◆ Collected data:

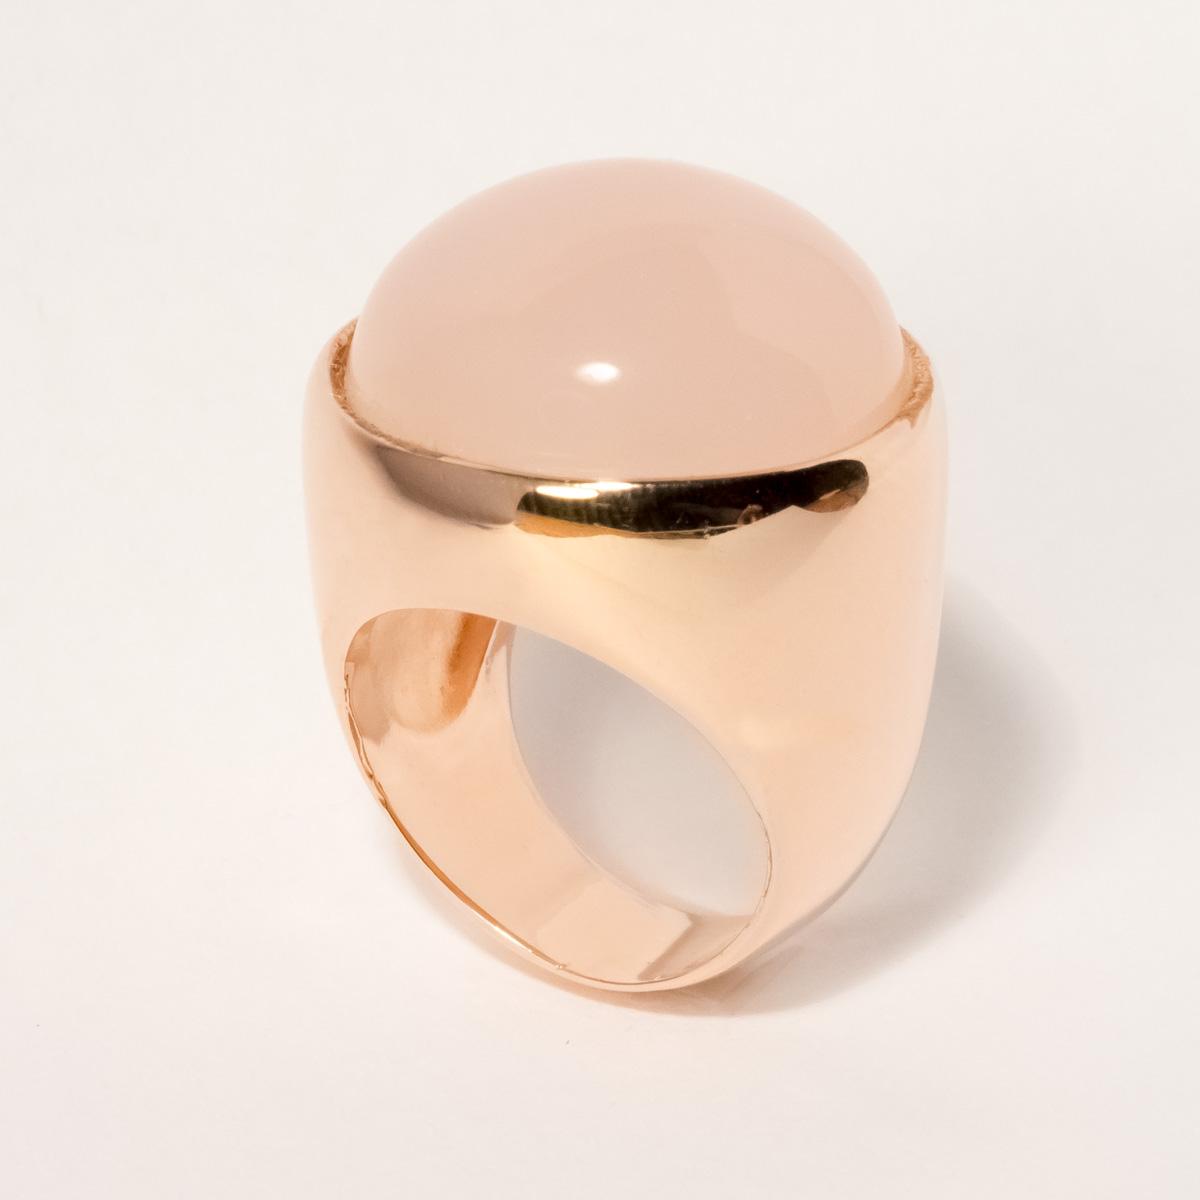 Connu quarzo rosa | cinziaemme JH12
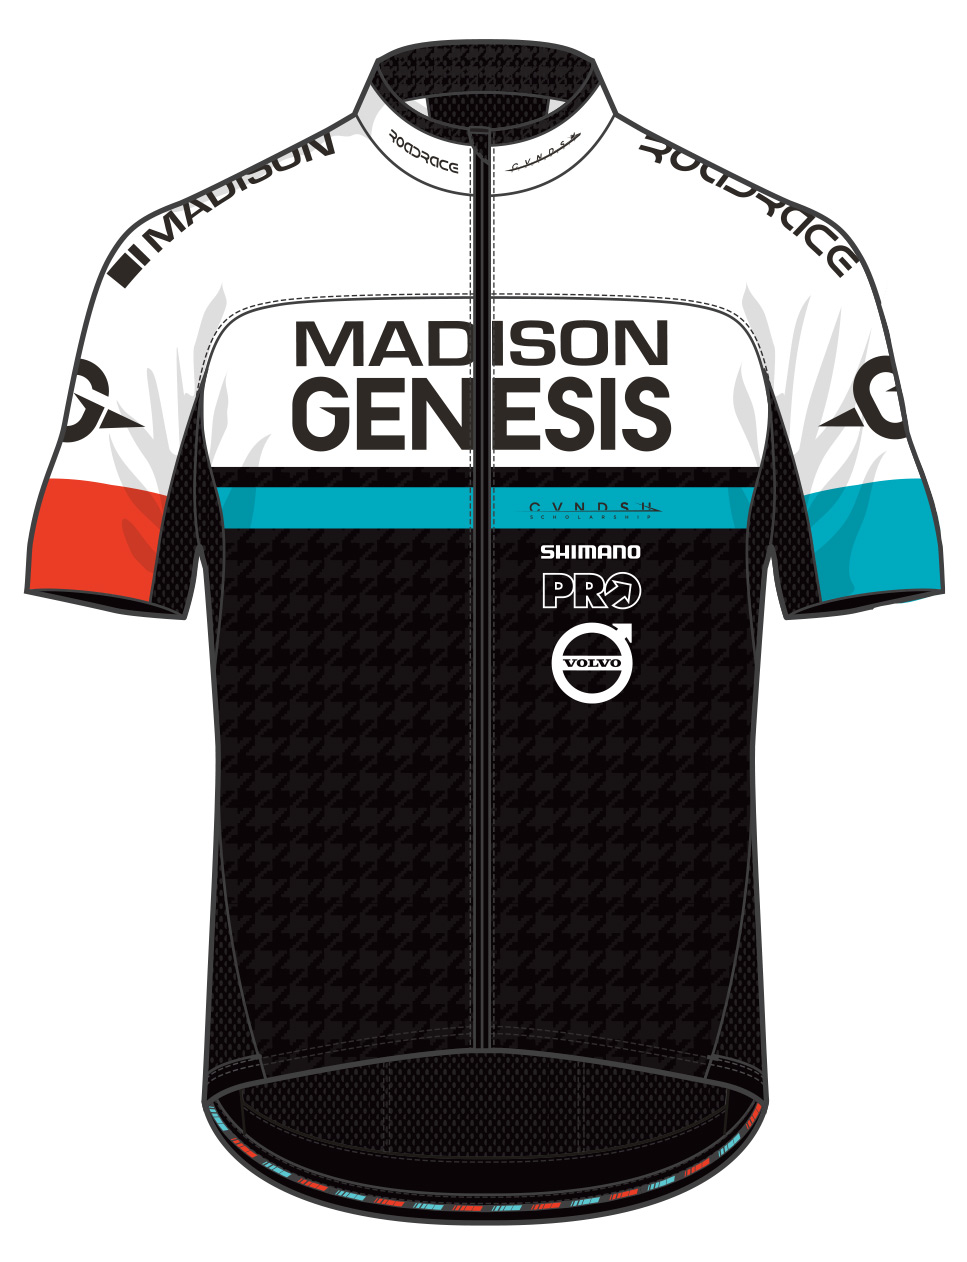 File Madison Genesis cycling team jersey 2017.jpg - Wikimedia Commons f4044b54a
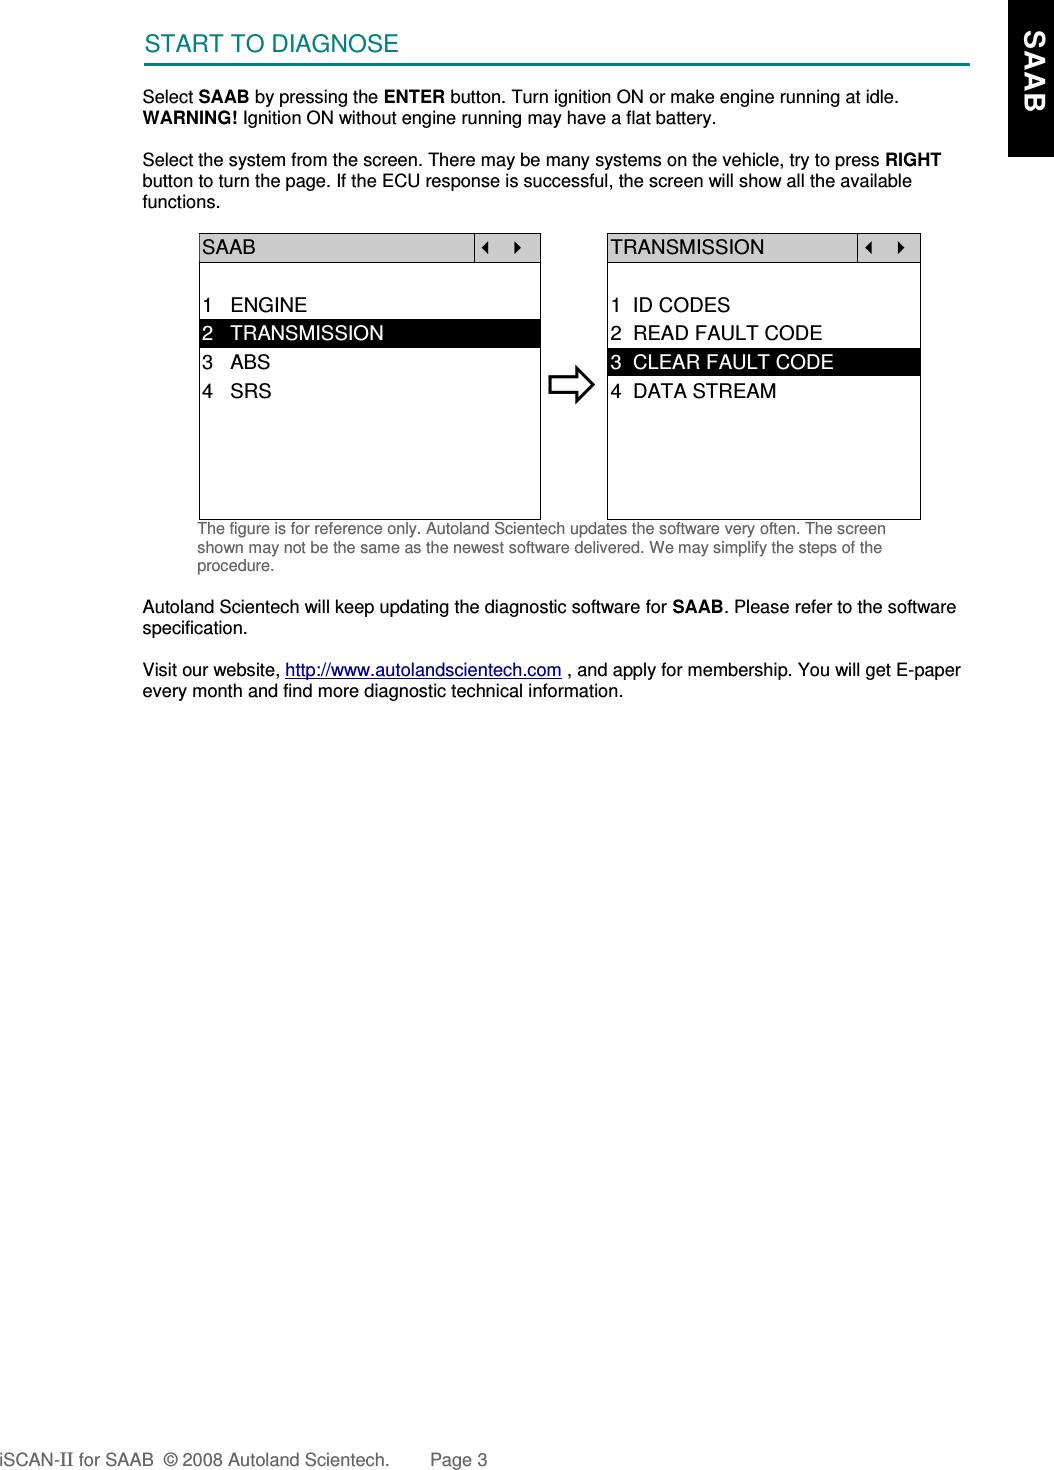 AUTOLAND SCIENTECH ISCANII-BU Car Diagnostician User Manual

◆ Task objective:
From the line containing "File Madison Genesis" down to the last line of the data above, transcribe exactly those lines and no others; omit the pictures.

◆ Answer to this problem:
 File Madison Genesis cycling team jersey 2017.jpg - Wikimedia Commons f4044b54a
 AUTOLAND SCIENTECH ISCANII-BU Car Diagnostician User Manual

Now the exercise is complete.